Figure 2. ROC curves for machine learning models with (bottom) and without (top) ROSE-sampling. GBM, gradient boosting machine; XGBoost, extreme gradient boosting; SVM, support vector machines; RF, random forest; and GLM, generalized linear model with logit link which is logistic regression in our study.

The training times for LR, RF, and GBM were faster when compared to models based on XGBoost and SVM (see Table 2). The model training was performed using MacBook Pro14,2, four thunderbolt 3 ports with 3.1 GHz Dual-Core Intel Core i5, and 8 GB memory. Overall, the addition of the sampling step increased the training time, while having fewer features resulted in faster training as expected.

NIHSS, Insert Indwelling Urinary Catheter, Hypercoagulable State, and Percutaneous Gastrostomy Are the Top Predictors of 30-Day Readmission

Using XGBoost in Design 2, the best predictive model, we identified the most important predictors of 30-day readmission. According to the variable importance scores for XGBoost in Design 2 (Table 3), the top 10 predictors of 30-day readmission were NIHSS above 24, insert indwelling urinary catheter, hypercoagulable state, percutaneous gastrostomy, using workers compensation as insurance, hemodialysis, overweight, cerebral arterial dissection, malnutrition, intravenous thrombolysis, and venous thrombosis.


Table 3. Variable importance scores of the XGBoost model with ROSE-sampling (Design 2).

We also reported the result of LR in the third design.

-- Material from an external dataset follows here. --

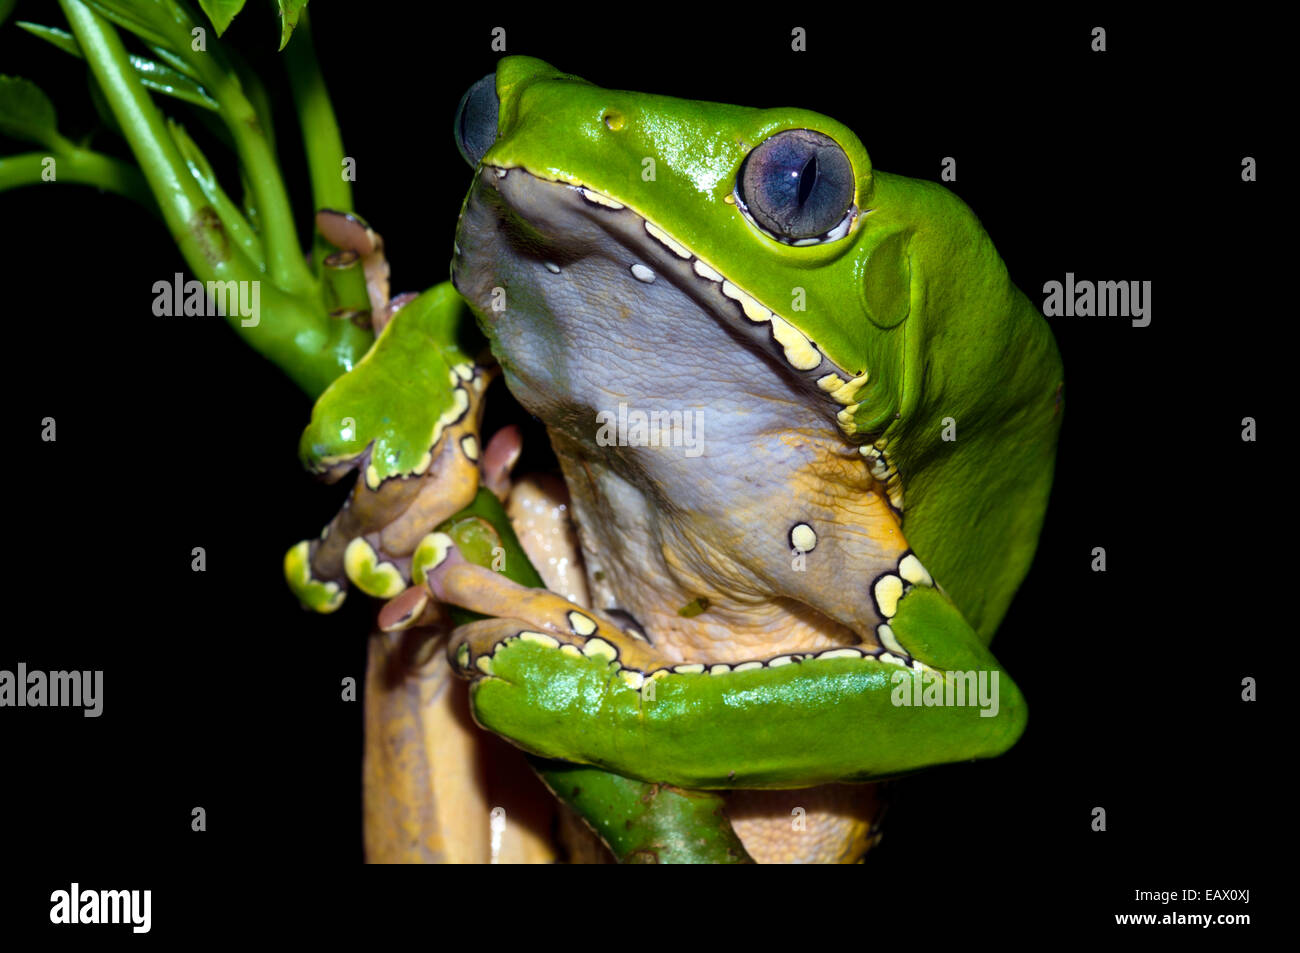 Einen hellen grünen Riesen Blatt Frosch festhalten an einem Regenwald Pflanzenstängel mit seinen langen, breiten Fuß-Pads. Stockfoto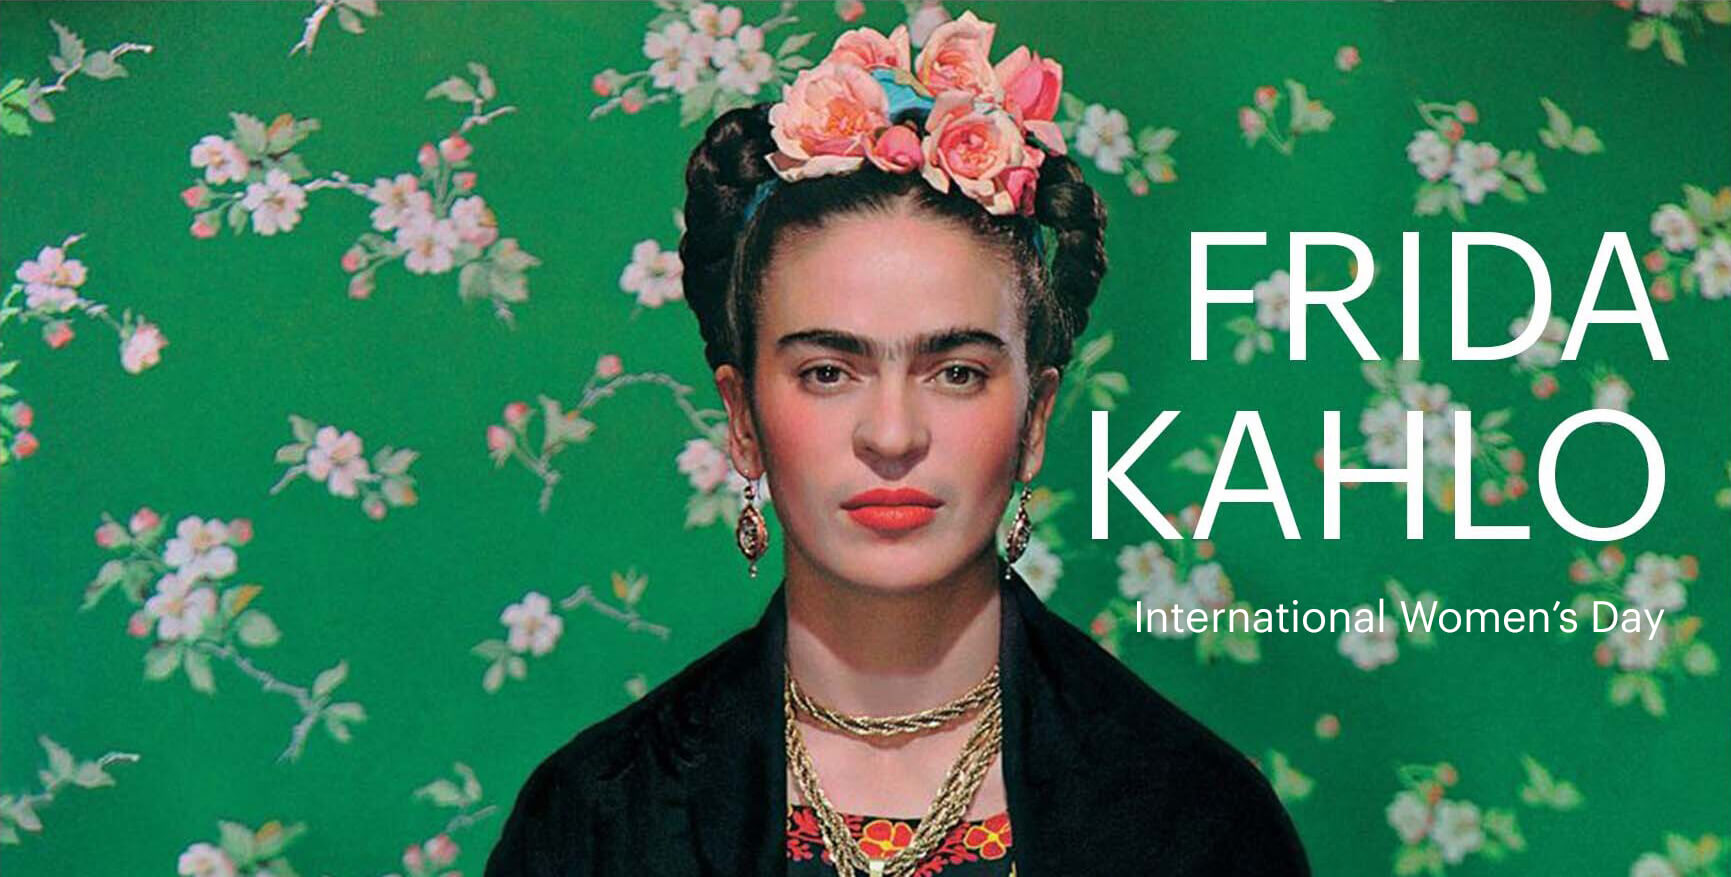 Mezinárodní den žen | EAT in kino! Frida Kahlo, 08/03

In the latter, the multicollinearity was addressed by feature selection (Table 4). The odds ratios (OR), log odds, 95% CI, and P-values were reported in this table. This analysis revealed that being discharged to SNF, malignancy, and malnutrition were significantly associated with stroke readmission within 30-day (p-value < 0.0001). Also, being discharged to a rehabilitation facility and stroke severity above twelve were significantly associated with 30-day readmission at 0.001 significance level.


Table 4. Logistic regression results for predictors of 30-day readmission in ischemic stroke patients (Design 3).


We have taken a comprehensive approach to identify and prioritize factors associated with 30-day readmissions after ischemic stroke. We aimed to find the most effective predictive model by comparing the results of different ML techniques and LR. There have been multiple readmission studies that developed predictive models for the chances of 30-day readmission in stroke patients. However, most of these models used LR (31) which limits the inclusion of higher-order interactions among variables and does not perform well in the presence of collinearity. Also, many studies considered readmission after 90 days or 1 year as a dependent variable which is a long follow-up period, as CMS penalizes healthcare systems for readmission under 30 days. In this study, we addressed these gaps and improved the prediction performance of readmissions in stroke patients using a wide range of potential risk factors and the proper ML techniques. Our results show that depending on the resources and criteria of healthcare systems, a predictive model with optimized performance metrics can be used to improve decision making.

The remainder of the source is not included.